Counter example for $\int_\mathbb{R} f_nd\mu\rightarrow\int_\mathbb{R} fd\mu$

Question

Assume $\{f_n\}$ and $f$ are Lebesgue measurable. Let $f_n$ be integrable $\forall n$, and assume $f_n\rightarrow f$ uniformly on $\mathbb{R}$. Assume $f$ is integral.

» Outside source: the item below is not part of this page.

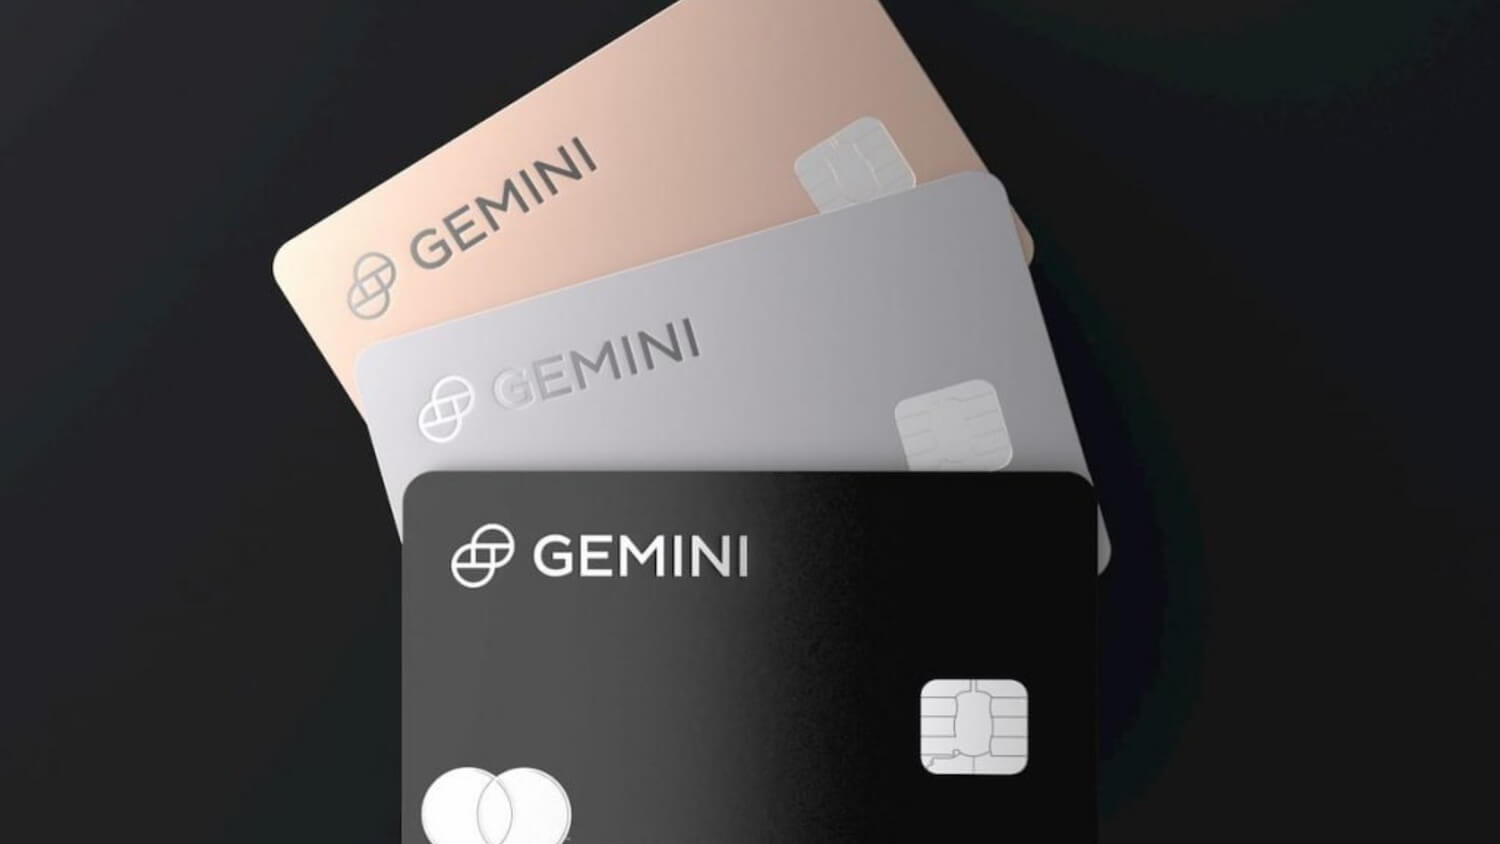 КРИПТОЖМЫХ / Продажа биткоинов компанией Tesla, главный тренд в индустрии блокчейна и криптокарта от Gemini. Биржа Gemini выпустит собственную кредитную карту для кешбэков в криптовалюте. Фото.

Is it true that $\int_\mathbb{R} f_nd\mu\rightarrow\int_\mathbb{R} fd\mu$?

*I claim no (because I have problem with proving $\epsilon\times\mu(\mathbb{R})$ being finite if the above statement is true.) However, I can't come up with a counter example...

Answer 1

Consider the "melting ice cube" example (I like to have little mnemonics for remembering useful counterexmples): let $f_n := \frac{1}{n} \chi_{[0,n]}$. Then $f_n$ converges uniformly to zero, but $\int f_n = 1$ for all $n$, and so $$ \lim_{n\to \infty} \int f_n = 1 \ne 0 = \int \lim_{n\to\infty} f_n. $$ Note that if $\mu(X)$ is finite, then uniform convergence is good enough to get convergence in $L^1$ (which is, more or less, what you are trying to do).

Answer 2

Have $f_n$ equal to $\frac{1}{n}$ over $[a_n,a_n+n]$. The $a_1<a_2<a_3<...$'s are so chosen that the intervals will have no intersection.

Now, each $f_n$ integrates to 1 over $R$. However, the limit, which is the zero function, has an integral of zero.